Red is Quantile 1 (passing stocks); Blue is Quantile 2 (did not make it into the screen). Image from ClariFi, a subsidiary of S&P Global Market Intelligence
It’s interesting, but not necessarily my favorite presentation. For one thing, it’s easy for me to let my guard down and wind up reacting as if I were seeing a genuine portfolio-to-benchmark simulation. Second,I have to stay on my toes to remain aware of how heavily the picture is influenced by the choice of starting date and/or an atypically sharp move in one particular period.
Figure 2 is the view that most satisfies those looking for answers that are as black-and-white as possible. It shows the average annualized active return for each quantile. Its strength is simplicity. But that simplicity is also its weakness; it can mask a lot of things going on from period to period.
Image from ClariFi, a subsidiary of S&P Global Market Intelligence
My favorite view is the one shown in Figure 3.
For each period (quarter in this case, but it could be anything; a week, a month, etc.) we see a graph of the return of Quantile 1 (the 100 or so stocks in the screen) minus Quantile 2; the “spread” between the two groups.
It doesn’t give a simple yes-no answer, but it is the presentation that I think gives the greatest picture of screen performance (or at least as good a picture as one can get without diving into the numerical tables).
Since we’re dealing with Quantile 1 minus Quantile 2, we obviously prefer to see as many bars as possible stretching upward above the zero line. Upward bars that stretch higher up are better. And to the extent we have downward reaching basrs, we’d ideally like them to be as shallow as possible.
Image from ClariFi, a subsidiary of S&P Global Market Intelligence
The illustration here depicts a very successful backtest. We see only one really deep downward bar and it happened a long time ago, and looking at the date, I recall a lot of aberrant negative things happening in the market back then (the Arab Spring, the Greek-Euro crisis, etc.). That one nightmare quarter is what prevented the pseudo-simulation depicted in Figure 1 from having a more impressive appearance.

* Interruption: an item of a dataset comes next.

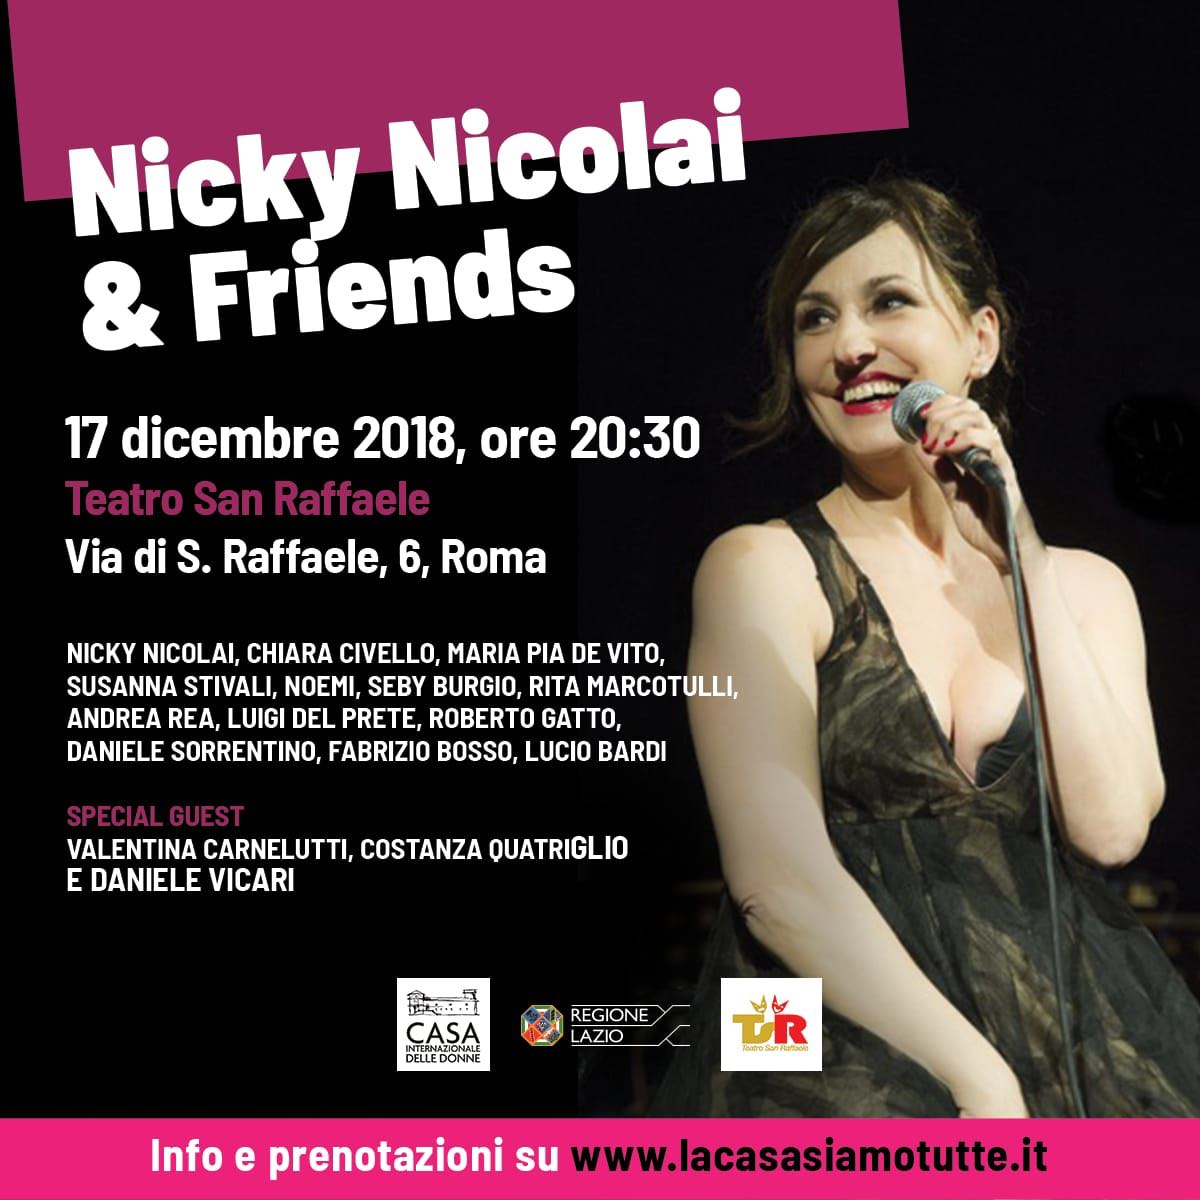 Nicky Nicolai & Friends

Again, and I can’t say this often enough: When we’re dealing with the unknowable future, nothing is guaranteed. (Just imagine yourself a back in time to a few weeks before the 2011 horror quarter.) We’re working with probabilities, as we necessarily must since nobody can know the future. But as far as enhancing probabilities, if a screen can do for me the sort of thing depicted in the hypothetical table presented above, if it can help me create a personal stock market from which to draw ideas, I’ll take it. Figure 3 is an illustration of a screen that does just this.